After Tolton's death, St. Monica's was made a mission of St. Elizabeth's Church. In 1924 it was closed as a national parish, as Black Catholics chose to attend parish churches in their neighborhoods.

==Legacy and honors==
- Tolton is the subject of the 1973 biography From Slave to Priest by Sister Caroline Hemesath. The book was reissued by Ignatius Press in 2006. According to more recent Tolton biographer Joyce Duriga, "Even though Sister Hemesath used creative license in creating dialogue between Tolton and others that doesn't actually exist, I am grateful for her popular history that introduced me and thousands of others to this powerful story."
- In 1990, Sister Jamie T. Phelps, O.P., an Adrian Dominican Sister and then-faculty member of the Theology Department at Catholic Theological Union, initiated the Augustus Tolton Pastoral Ministry Program in consultation with Don Senior, President of CTU, the theology faculty, and representatives of the Archdiocese of Chicago, to prepare, educate, and form Black Catholic laity for ministerial leadership in the Archdiocese of Chicago.
- The Father Tolton Regional Catholic High School opened in Columbia, Missouri, in 2011.
- Augustus Tolton Catholic Academy opened in the fall of 2015 in Chicago, Illinois. Tolton Academy is the first STREAM school in the Archdiocese of Chicago. A focus on science, technology, religion, engineering, arts, and math sets it apart as a premier elementary school in Chicago. Tolton Academy is located at St. Columbanus Church.
- The Diocese of Springfield in Illinois announced in 2026 that a national shrine to honor Tolton will be built in Quincy.

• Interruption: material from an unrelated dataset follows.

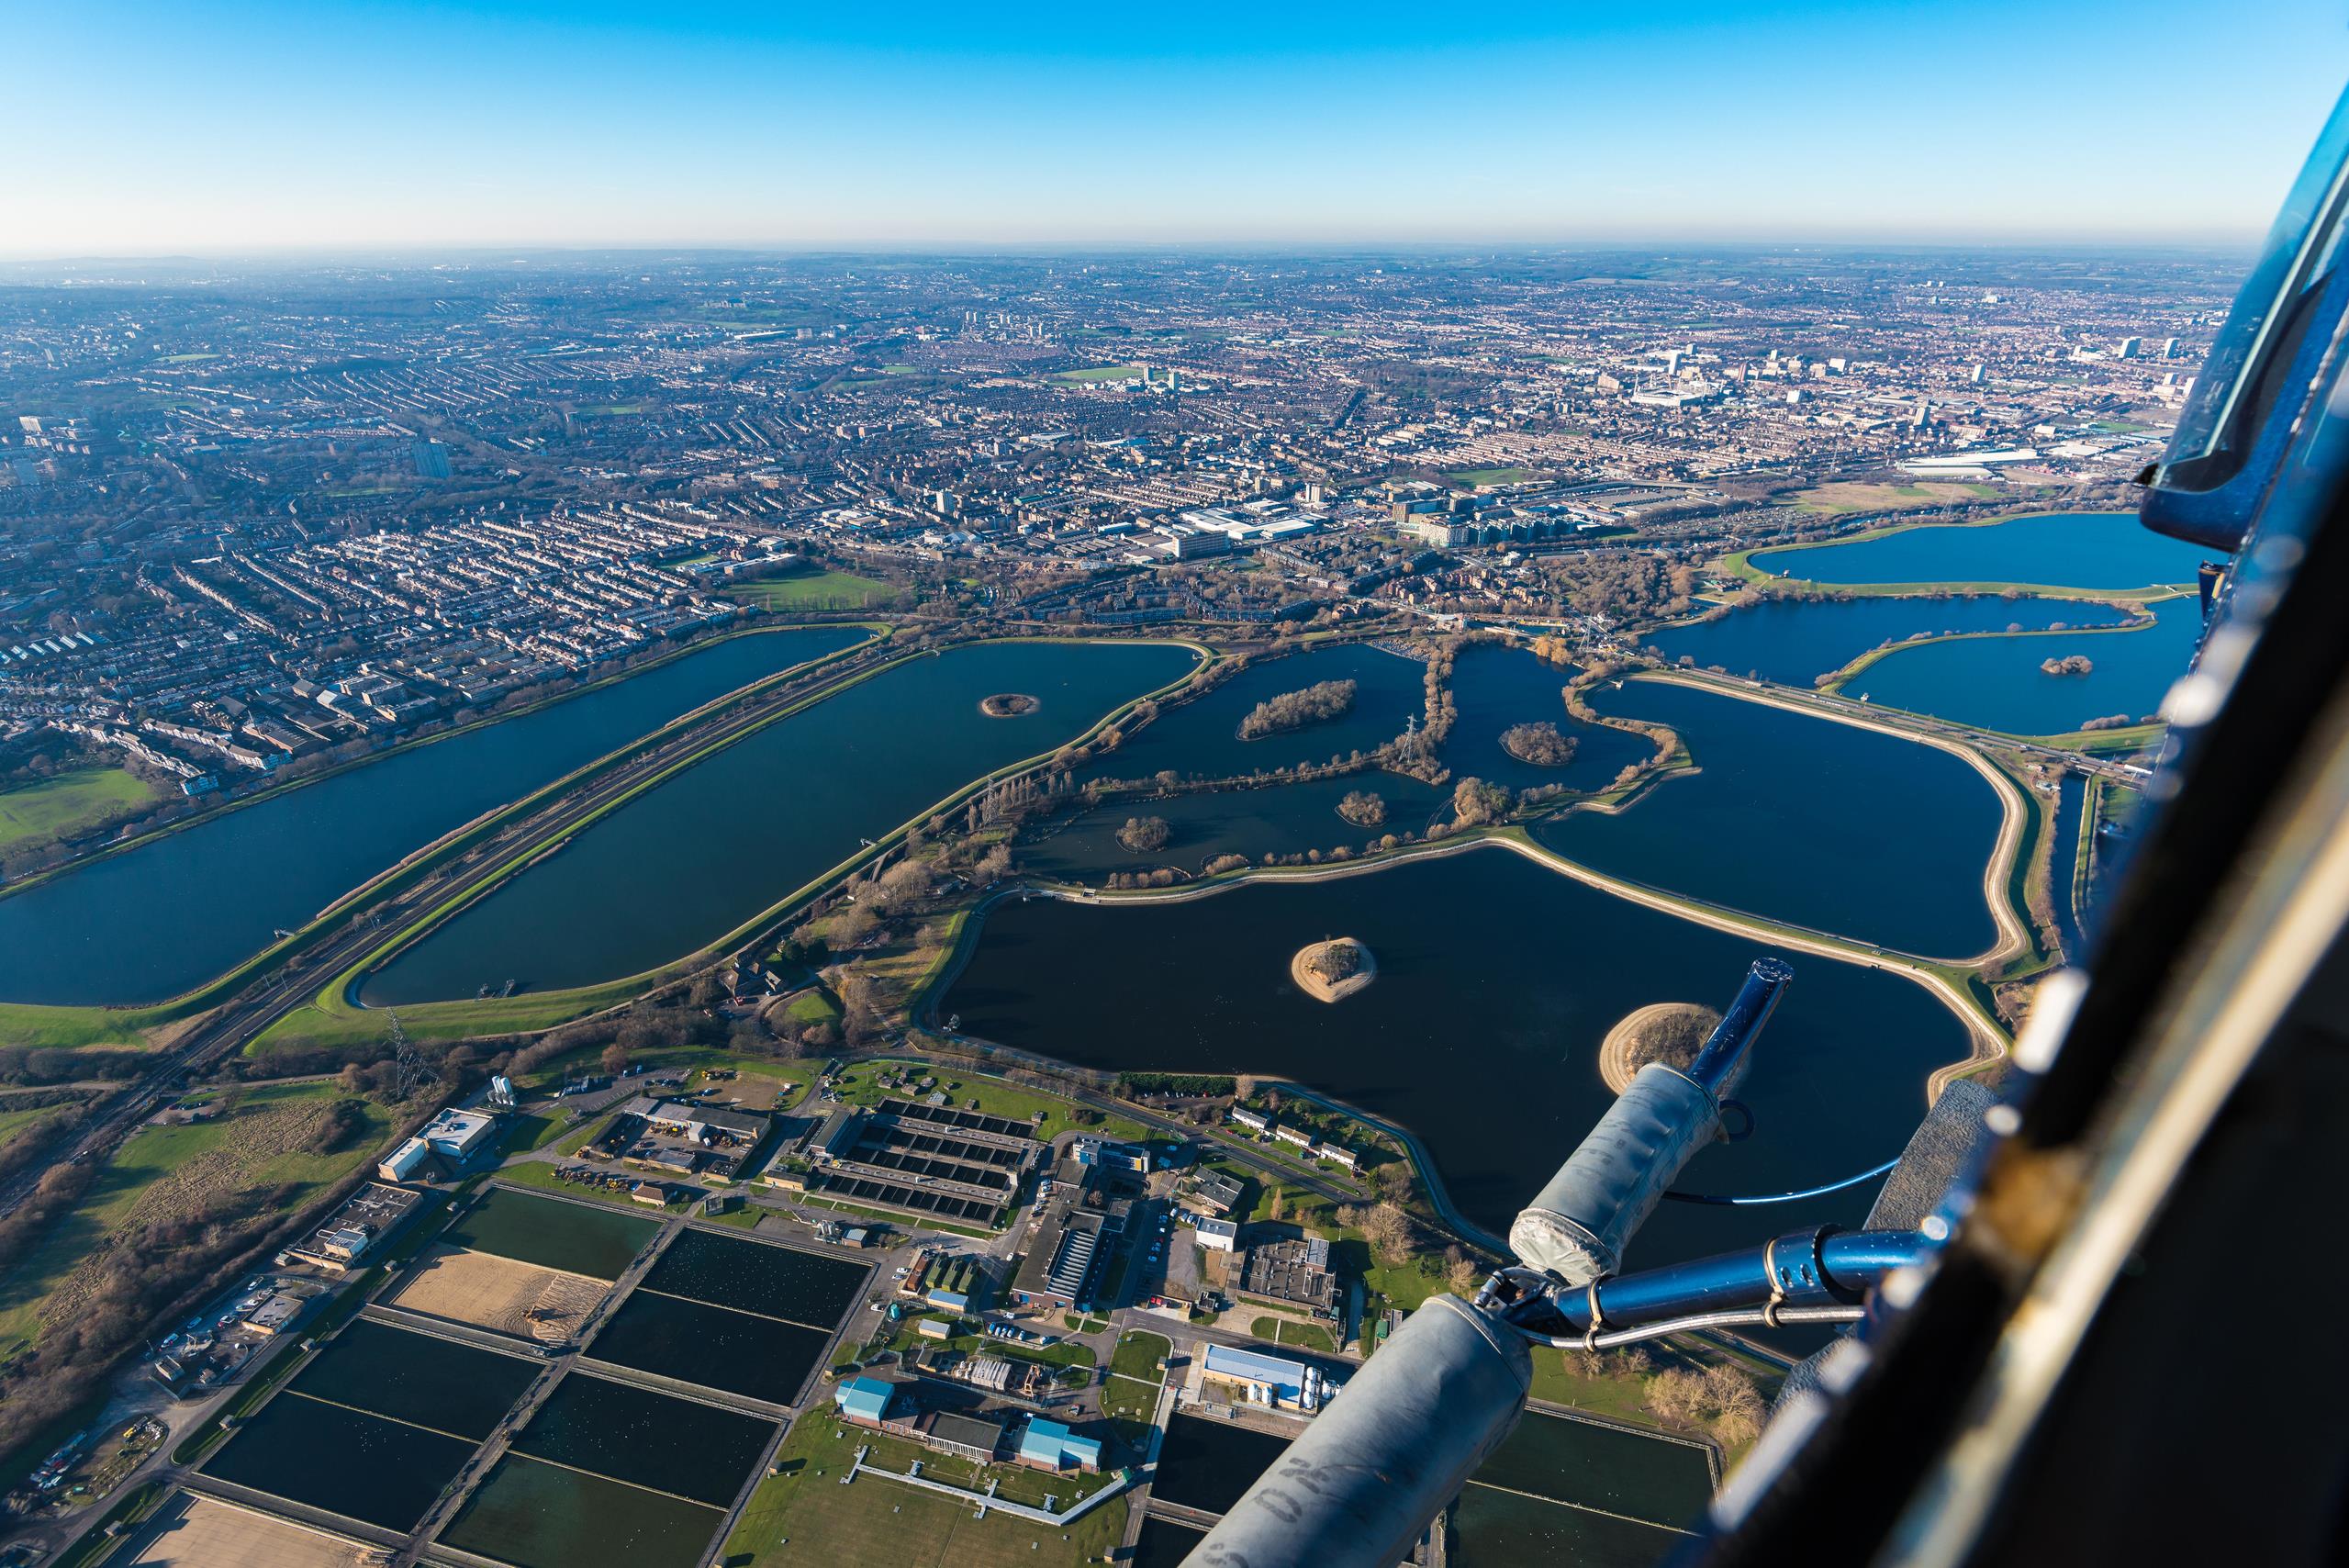 An aerial view of the Thames Valley water works in London

==Cause for beatification and canonization==
On March 1, 2010, Cardinal Francis George of Chicago announced that he was beginning an official investigation into Tolton's life and virtues with a view to opening the cause for his canonization. This cause for sainthood is also being advanced by the Diocese of Springfield in Illinois, where Tolton first served as priest, as well as the Diocese of Jefferson City, where his family was enslaved.

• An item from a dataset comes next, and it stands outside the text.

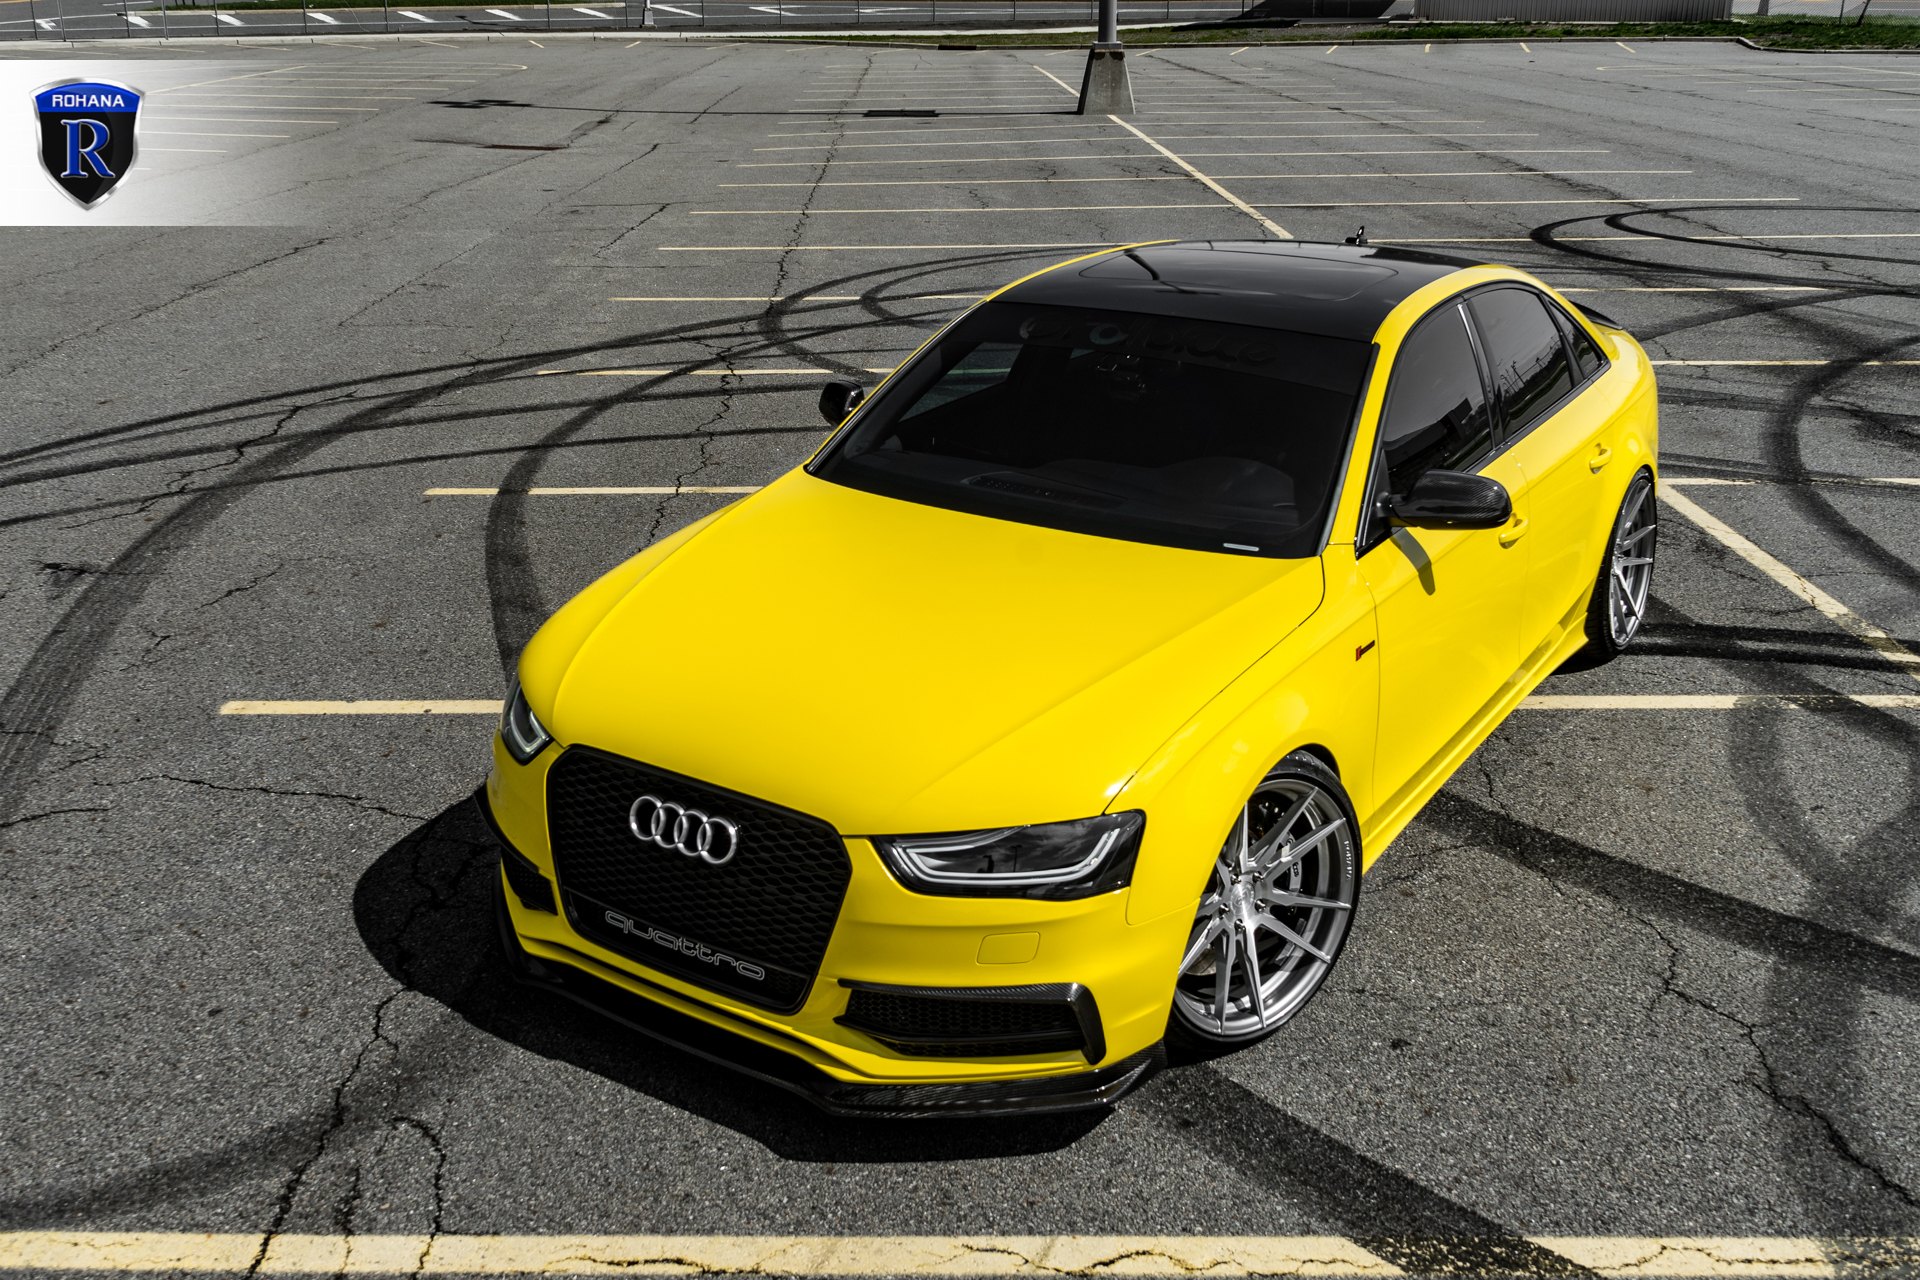 Blacked Out Mesh Grille on Yellow Audi S4 - Photo by Rohana Wheels

February 24, 2011, marked the formal introduction of the cause for Tolton's sainthood, and he received the title Servant of God. Historical and theological commissions were established at this time to investigate his life, along with the Father Tolton Guild, which is responsible for the promotion of his cause through spiritual and financial endeavors. Cardinal George assigned Joseph Perry, Auxiliary Bishop of Chicago, to be the diocesan postulator for the cause of Tolton's canonization.

On September 29, 2014, Cardinal George formally closed the investigation into the life and virtues of Tolton. The dossier of research into Tolton's life went to the Vatican, where the documents collected to support his cause were analyzed, bound into a book called a positio or official position paper, evaluated by theologians, and then passed to the pope.

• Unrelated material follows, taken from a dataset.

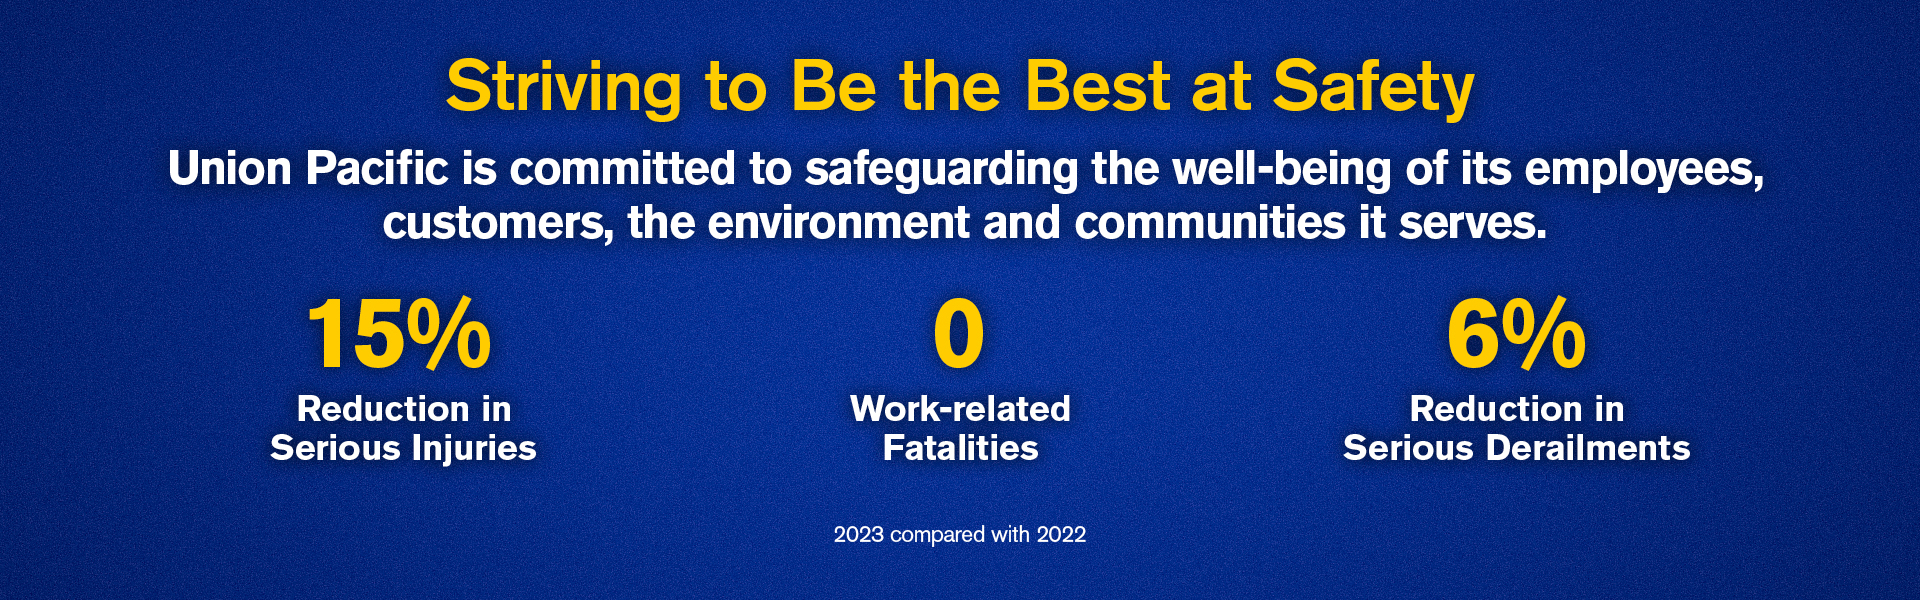 Committed to Safeguarding our employees, customers and communities

On December 10, 2016, Tolton's remains were exhumed and verified as part of the beatification process. Following procedures laid out in canon law, a forensic pathologist verified that the remains (which included a skull, femurs, ribs, vertebrae, pelvis, and portions of arm bones) belong to Tolton. Also found were the corpus from a crucifix, part of a Roman collar, the corpus from Tolton's rosary, and glass shards indicating his coffin had a glass top. After verification, the remains were dressed in a new chasuble and reburied.

On March 8, 2018, historians who consult the Congregation for the Causes of Saints unanimously issued their assent to Tolton's cause after receiving and favorably reviewing the positio presented to them. On February 5, 2019, the nine-member theological commission unanimously voted to approve the cause. It then went to the cardinal and bishop members of the Congregation for approval before being passed to the pope for his final confirmation.

On June 12, 2019, Pope Francis authorized the promulgation of a Decree of Heroic Virtue, advancing Tolton's cause. With the promulgation of the decree of heroic virtue, Tolton was granted the title Venerable. If the cause progresses, the next stage will be beatification, followed by canonization.